The Housing Ombudsman’s approach to investigating and determining complaints is to decide what is fair in all the circumstances of the case. This is set out in the Housing Act 1996 and the Housing Ombudsman Scheme (the Scheme). The Ombudsman considers the evidence and looks to see if there has been any ‘maladministration’, for example whether the landlord has failed to keep to the law, followed proper procedure, followed good practice or behaved in a reasonable and competent manner.

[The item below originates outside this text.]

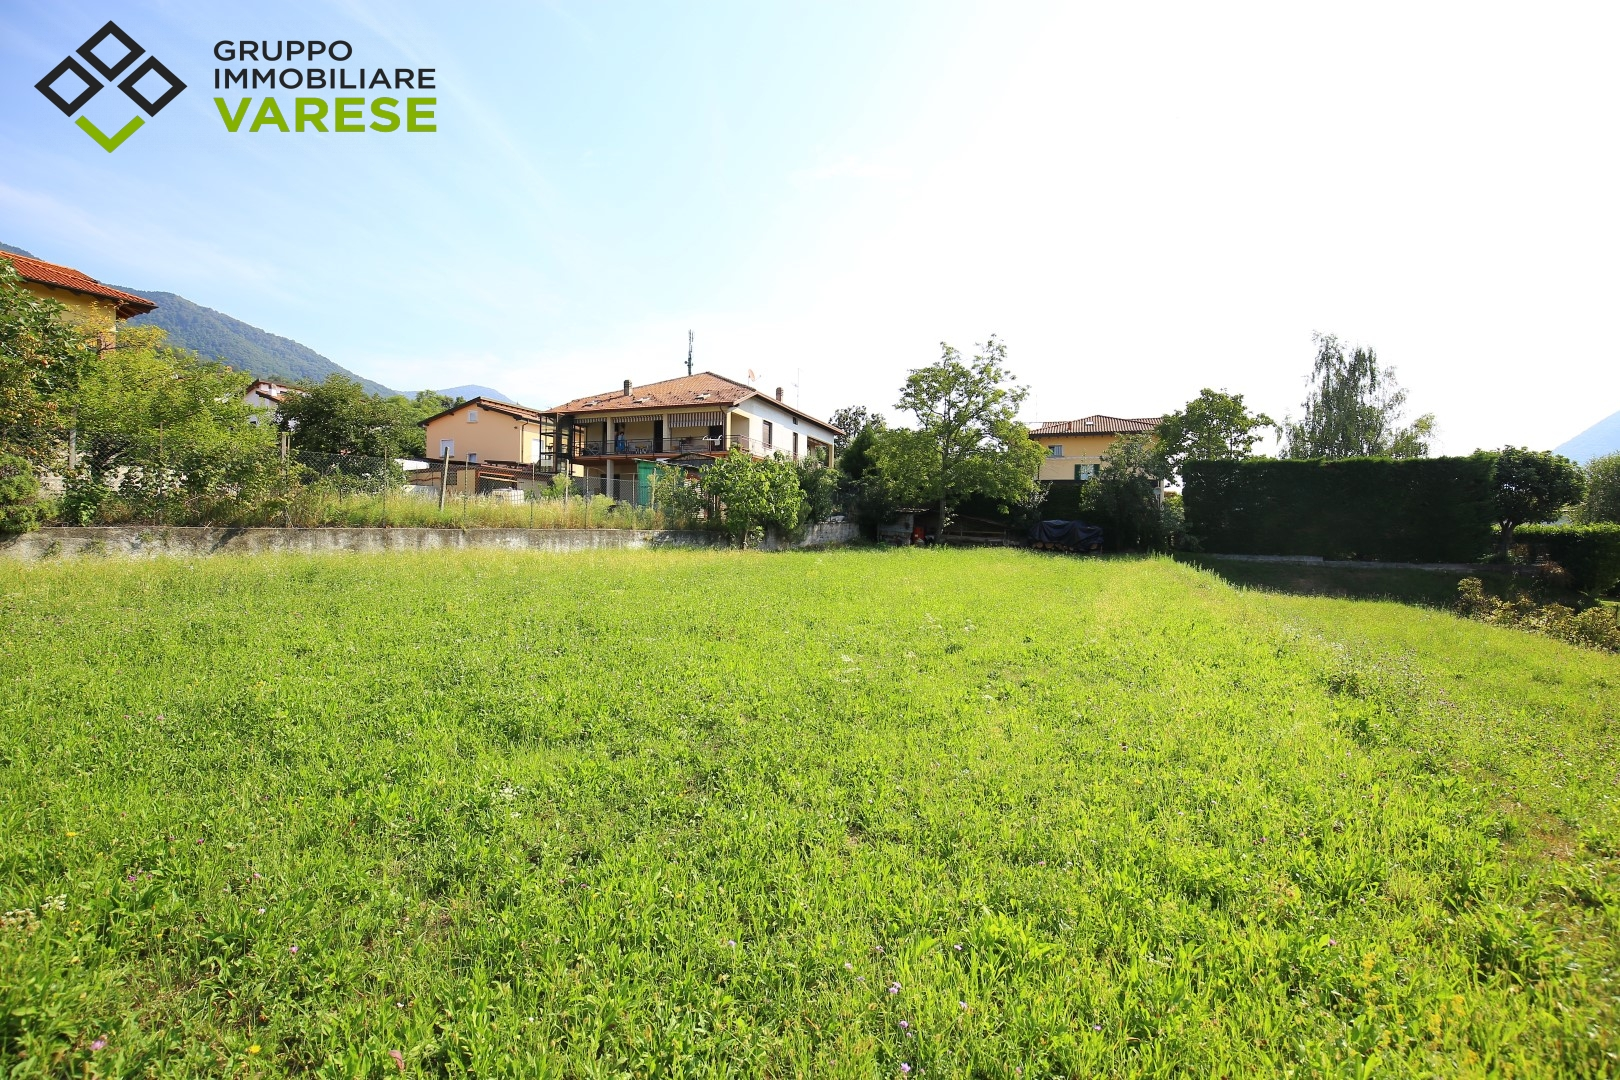 Terreno Edificabile Residenziale in vendita a Brenta, 9999 locali, zona Località: SanQuirico, prezzo € 92.000   CambioCasa.it

Both the resident and the landlord have submitted information to the Ombudsman and this has been carefully considered. Their accounts of what has happened are summarised below. This report is not an exhaustive description of all the events that have occurred in relation to this case, but an outline of the key issues as a background to the investigation’s findings.

The complaint

  1. The complaint is about the landlord’s handling of the resident’s queries about:
    1. the service charge account for the financial year 2022 to 2023.
    2. the service charge account for the financial year 2024 to 2025.   

Background

  1. The resident is an assured tenant of the landlord, which is a housing association. The property is a 1-bedroom flat. The landlord has no vulnerabilities recorded for the resident.
  2. On 11 December 2023 the resident contacted the landlord because he believed there was a discrepancy of £84.68 between the final accounts and the Service Charge Annual Statement for the financial year 2022 to 2023. On 12 December 2023 the landlord responded and explained that it had not finalised its final accounts. Its revised final accounts would be processed in the new year.
  3. On 1 March 2024 the resident raised a separate complaint. He explained he had received notification of the new service charges for 2024 to 2025, and it showed an annual cost of £718.46 and a weekly charge of £13.86. The resident noted that the annual cost divided by the 53 weeks in that year equalled £13.56. The resident asked the landlord to explain why the annual cost divided by the number of weeks was not equal to the weekly charge outlined.
  4. On 2 April 2024 the resident complained that he had not received the revised final accounts for 2022 to 2023, and that he had not been given a timescale of when to expect these. He noted that he believed there were discrepancies in the charges for the garden, fire safety maintenance, and pest control.
  5. On 9 April 2024 the landlord responded to the resident’s complaint about the 2024 to 2025 service charges. It stated that the appropriate department were looking into the error and that the resident’s account would be adjusted accordingly, but it could not give a timeframe for this. It advised the resident to keep checking his service charge account. On 1 May 2024 the landlord provided a further information. It explained that the first Monday of its 2025 to 2026 financial year would be 7 April 2025, so the period of 1 to 7 April 2025 was included in its 2024 to 2025 service charge calculations. Payment for these days accounted for the difference the resident had identified. On 2 May 2024 the resident escalated his complaint and reiterated his request for the amount be adjusted.
  6. On 14 May 2024 the landlord responded to the resident’s complaint about the 2022 to 2023 final accounts. It advised that it was in the process of amending and finalising these accounts, but it could not confirm when this would be completed. The resident states he escalated his complaint on 4 June 2024.
  7. On 4 July 2024 the landlord provided a combined stage 2 response for both of the complaints raised by the resident. It apologised that it had not yet finalised its service charge accounts for 2022 to 2023 but assured the resident that this had not had an impact on the charges for the current financial year. It also acknowledged it had not updated the resident on his queries about the 2024 to 2025 service charges. It assured the resident it would credit any surplus to the resident’s account by 31 July 2024 and that it had introduced a new process to improve the accuracy and communication of its service charges.
  8. The landlord offered the resident compensation of:
    1. £100 for its delay in reviewing and responding to the resident’s complaint about the 2022 to 2023 service charge accounts.
    2. £100 for its delay in reviewing and responding to the resident’s complaint about the 2024 to 2025 service charge amount.
    3. £50 for its delay in correcting the year end balance for the 2022 to 2023 service charge accounts.
    4. £50 for its delay in correcting the 2024 to 2025 service charge amount.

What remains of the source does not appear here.